First and foremost I begin my words to you by acknowledging that all the praise is to God alone.

My name is Anthony Peoples. I am a 54-year old father of two sons, ages 37 and 27. And I am also a proud grandfather of nine beautiful and well-adjusted grandchildren. I have been incarcerated for the past 23-years. And I am presently seeking to have the sentence imposed on me vacated on the basis of it's illegality, in hopes of salvaging however many years God permits me to spend with my offspring and elderly mother.

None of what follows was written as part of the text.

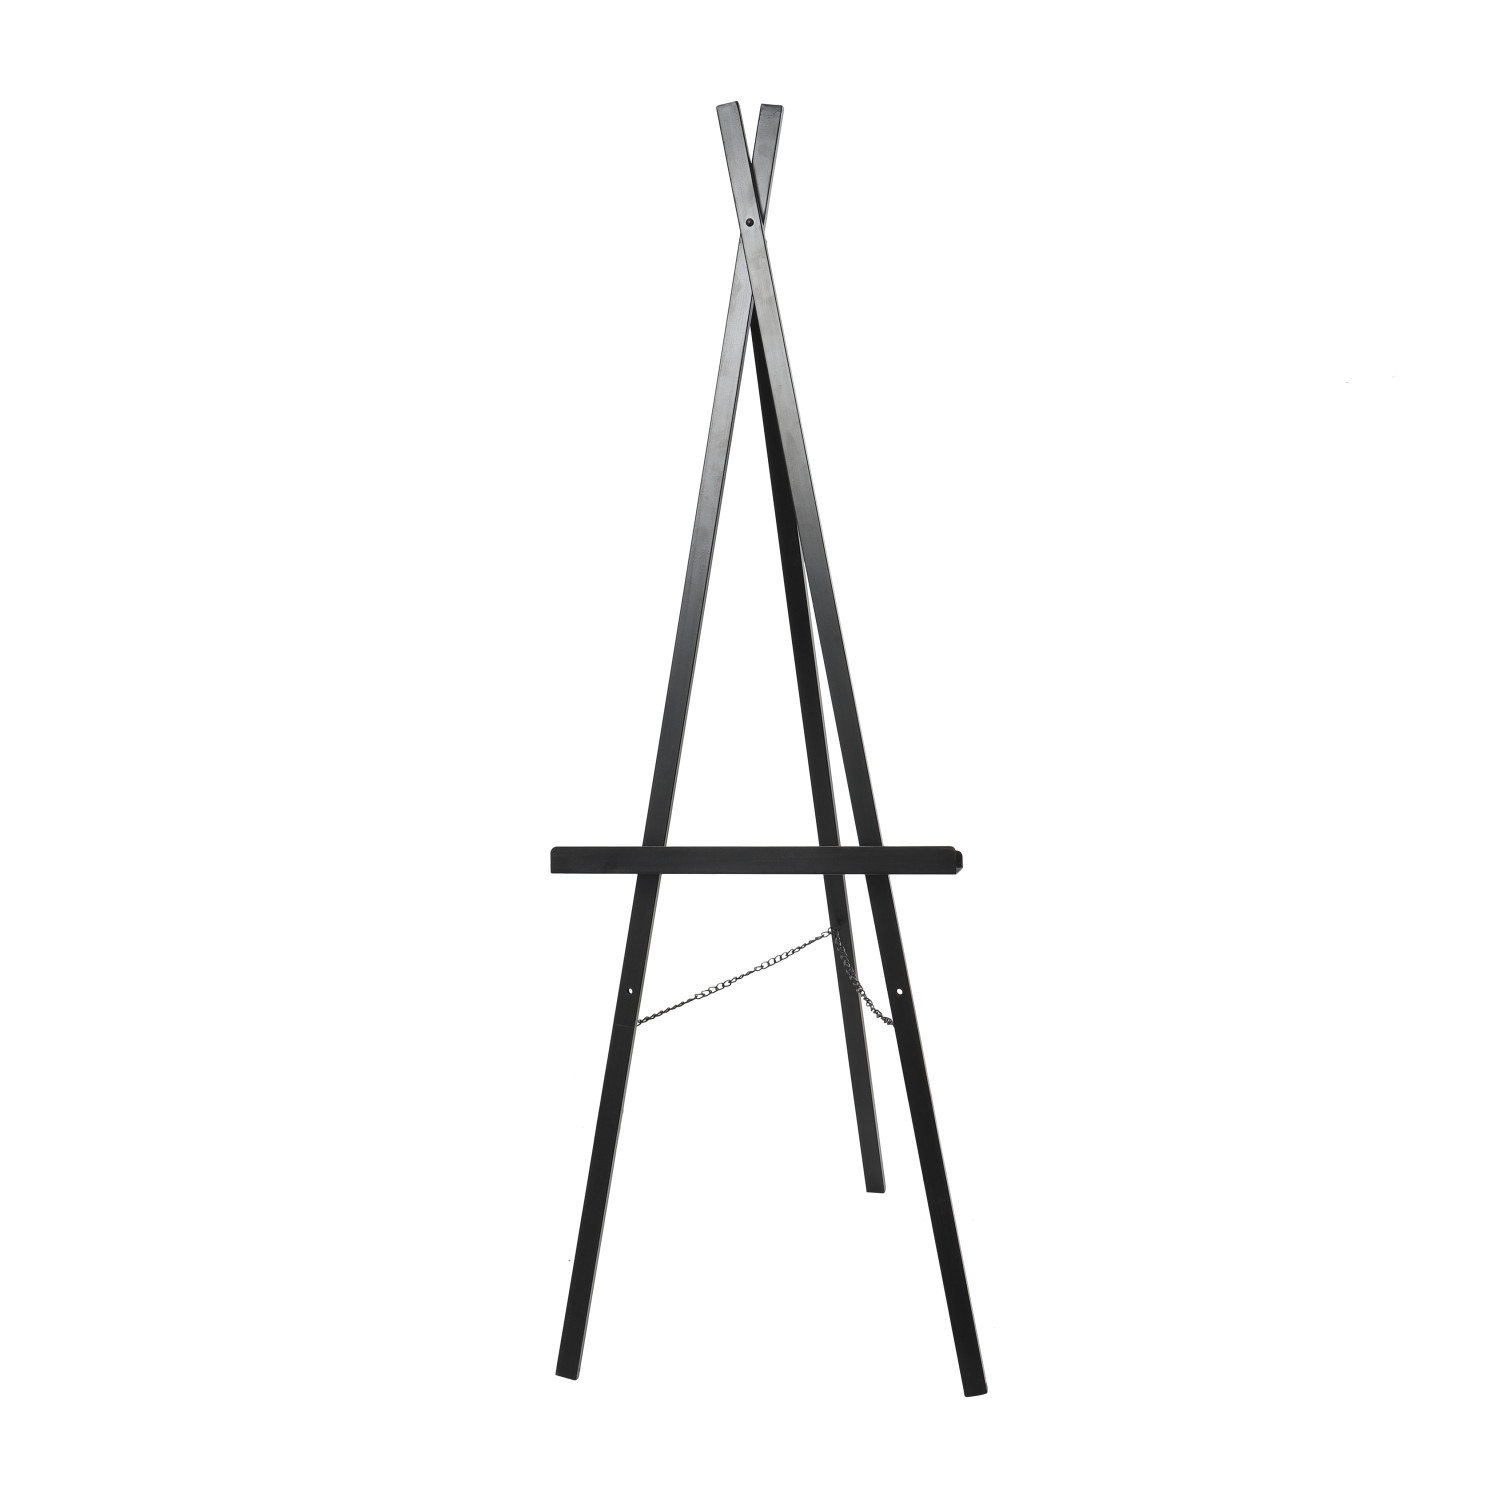 Easels: Adjustable Black Easel - 4 x 3 3/4 Inches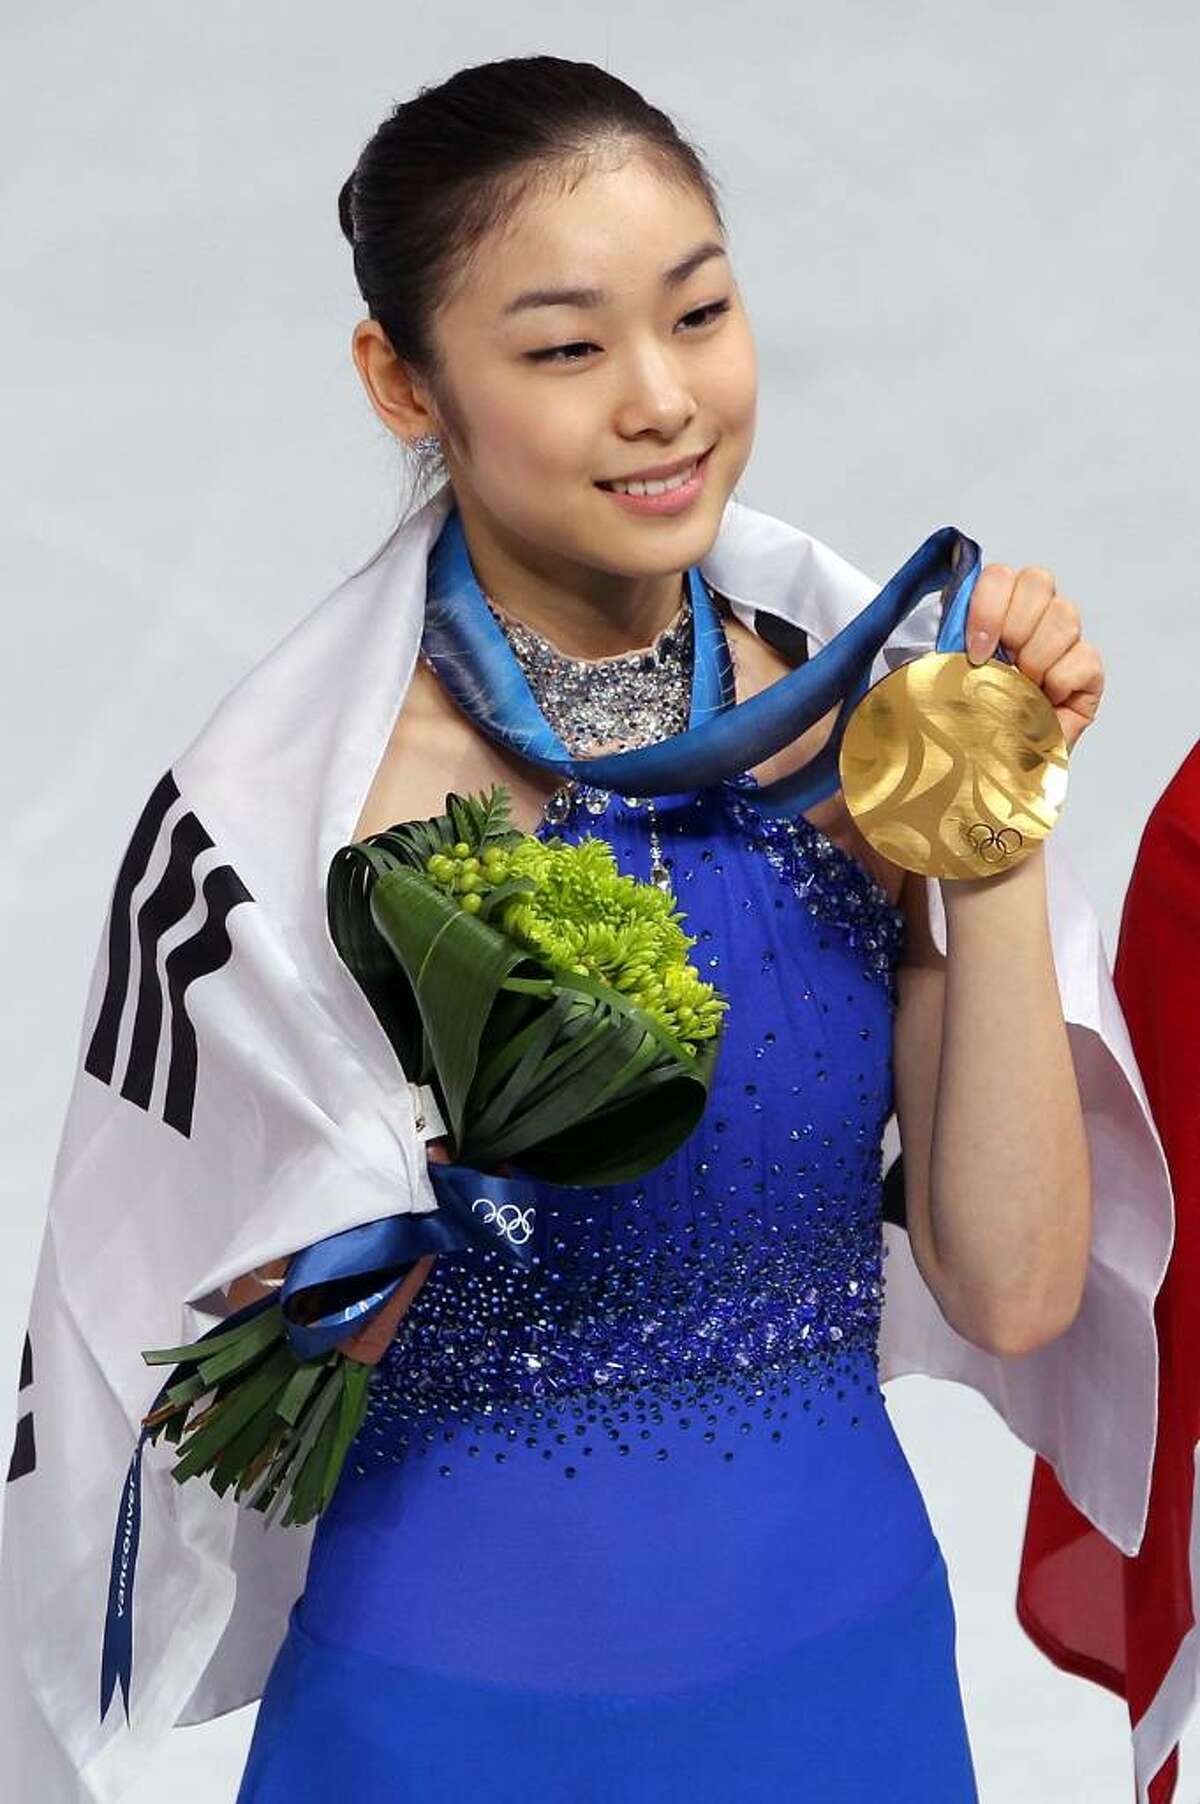 VANCOUVER, BC - FEBRUARY 25: Kim Yu-Na of South Korea celebrates winning the gold medal in the Ladies Free Skating during the medal ceremony on day 14 of the 2010 Vancouver Winter Olympics at Pacific Coliseum on February 25, 2010 in Vancouver, Canada. (Photo by Matthew Stockman/Getty Images) *** Local Caption *** Kim Yu-Na

You know, a lot of people in this sort of situation are unable to deal with the reality of being behind these walls. Many of them just give in to hopelessness, and willingly submit themselves to their present reality. They basically accept their current state of life, (if this can be considered a life), of being in here. But I have never thought in this sense. And the number one reason why? Because of my faith in God. He is Just and Fair. I also have a wonderful mother and a host of loving and supporting family members. Which I am truly thankful to God for allowing them all to still be here advocating for me through this ordeal. Yes, there are various reasons why people in this sort of situation just give up. but honestly, none of those reasons I find to affect me. And again, thank God!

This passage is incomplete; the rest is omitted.